→ What is being asked
Print the whole listing below exactly as given, pictures excluded.

→ Information provided

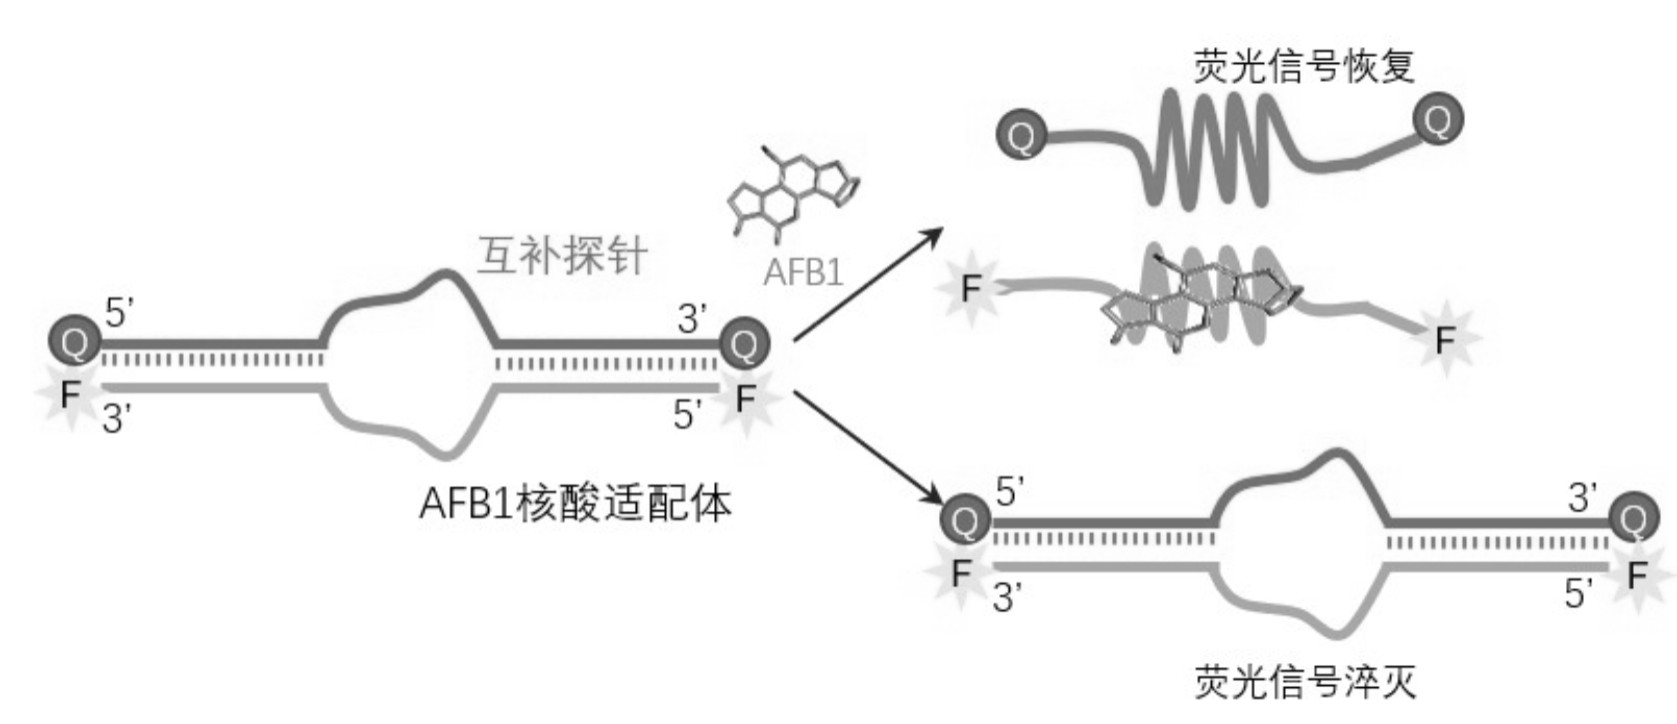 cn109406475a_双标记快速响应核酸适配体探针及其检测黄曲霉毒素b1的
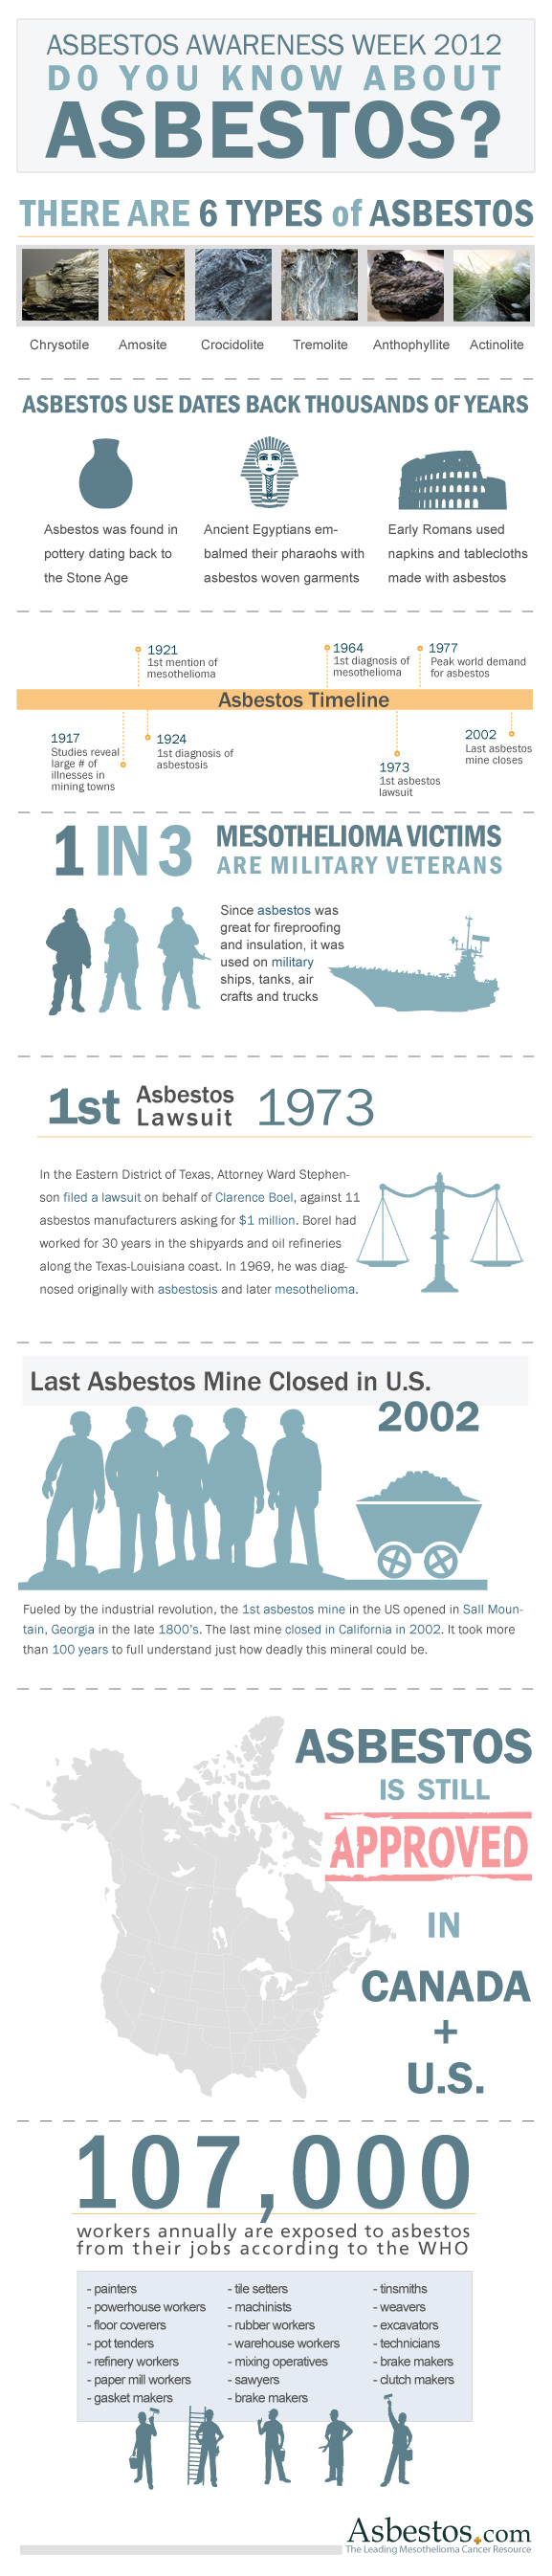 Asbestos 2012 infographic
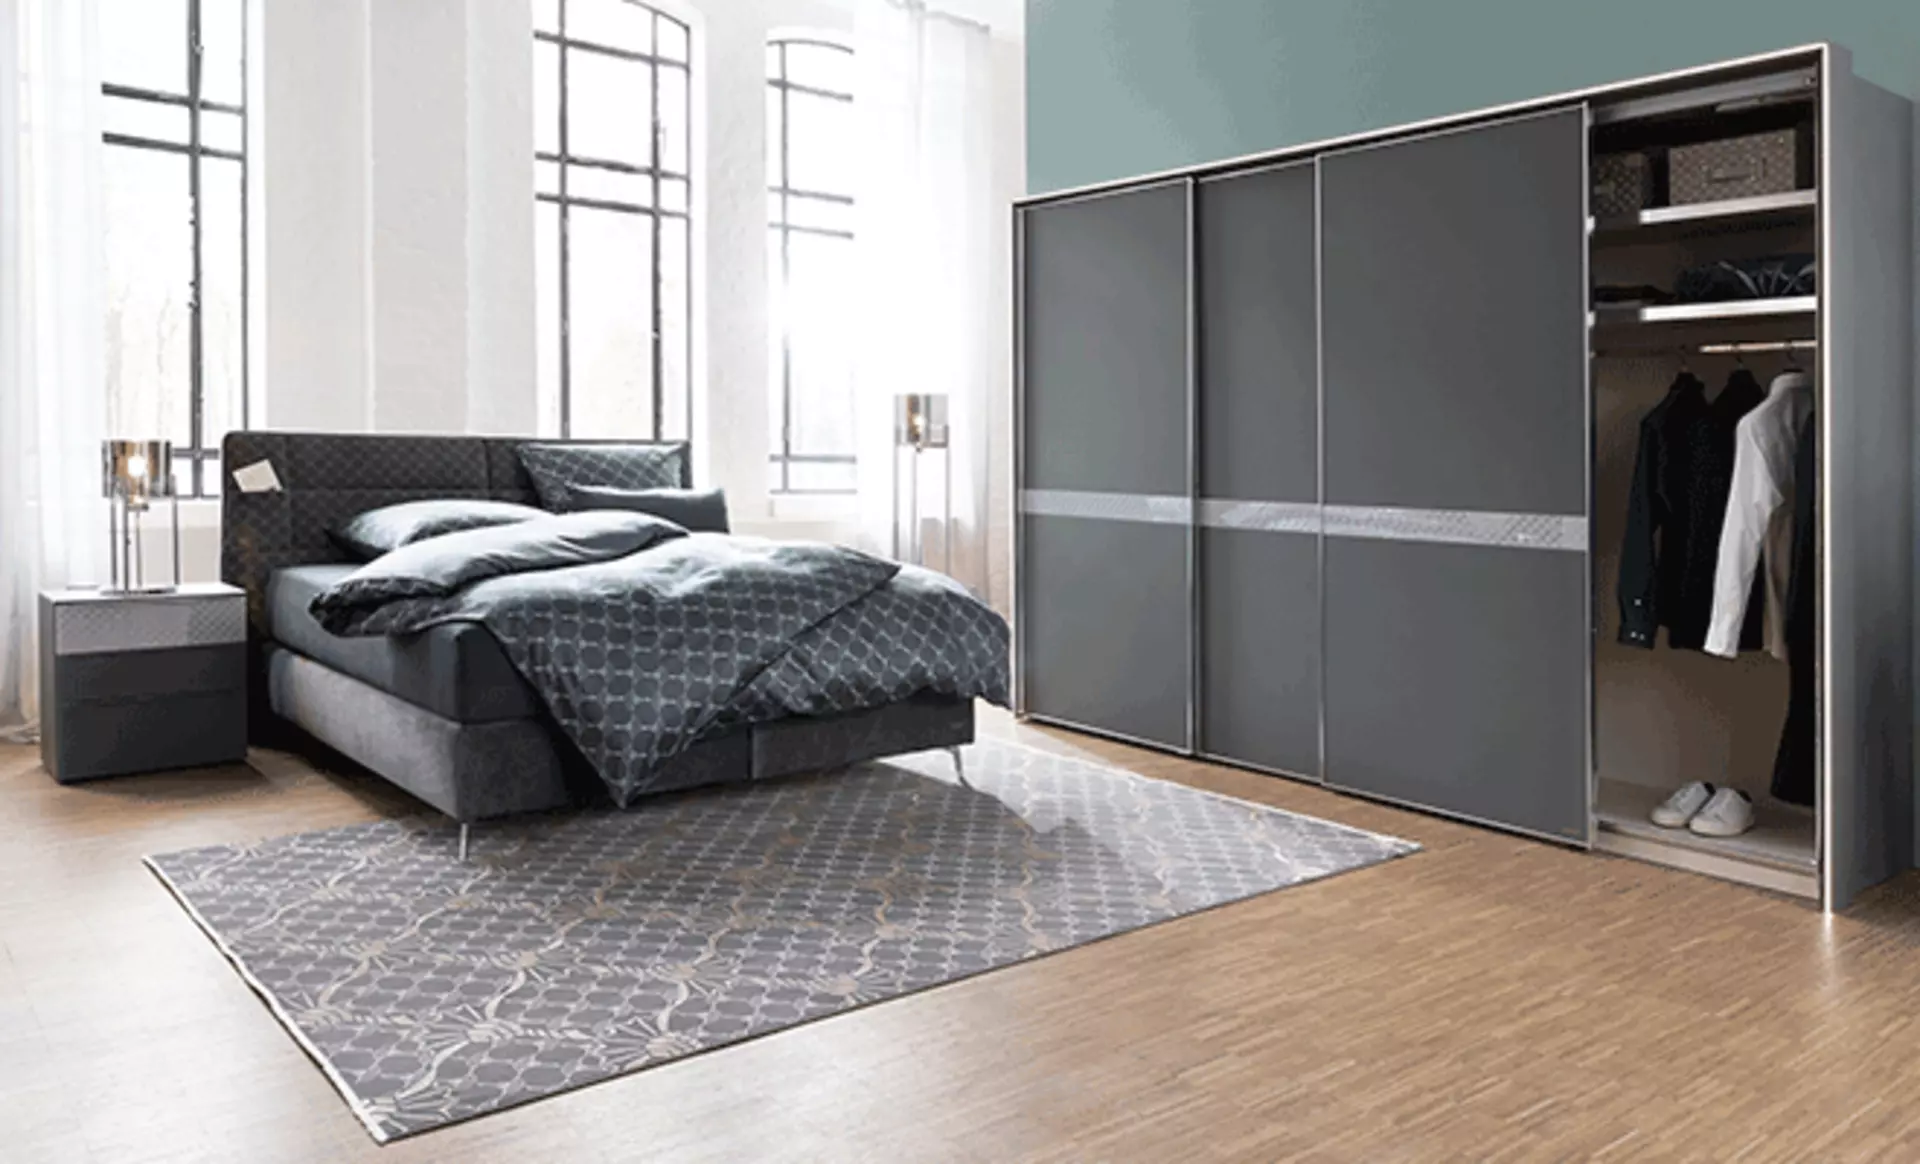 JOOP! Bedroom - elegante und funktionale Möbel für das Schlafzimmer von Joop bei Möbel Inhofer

→ Response
 cn109406475a_双标记快速响应核酸适配体探针及其检测黄曲霉毒素b1的
 Asbestos 2012 infographic
 JOOP! Bedroom - elegante und funktionale Möbel für das Schlafzimmer von Joop bei Möbel Inhofer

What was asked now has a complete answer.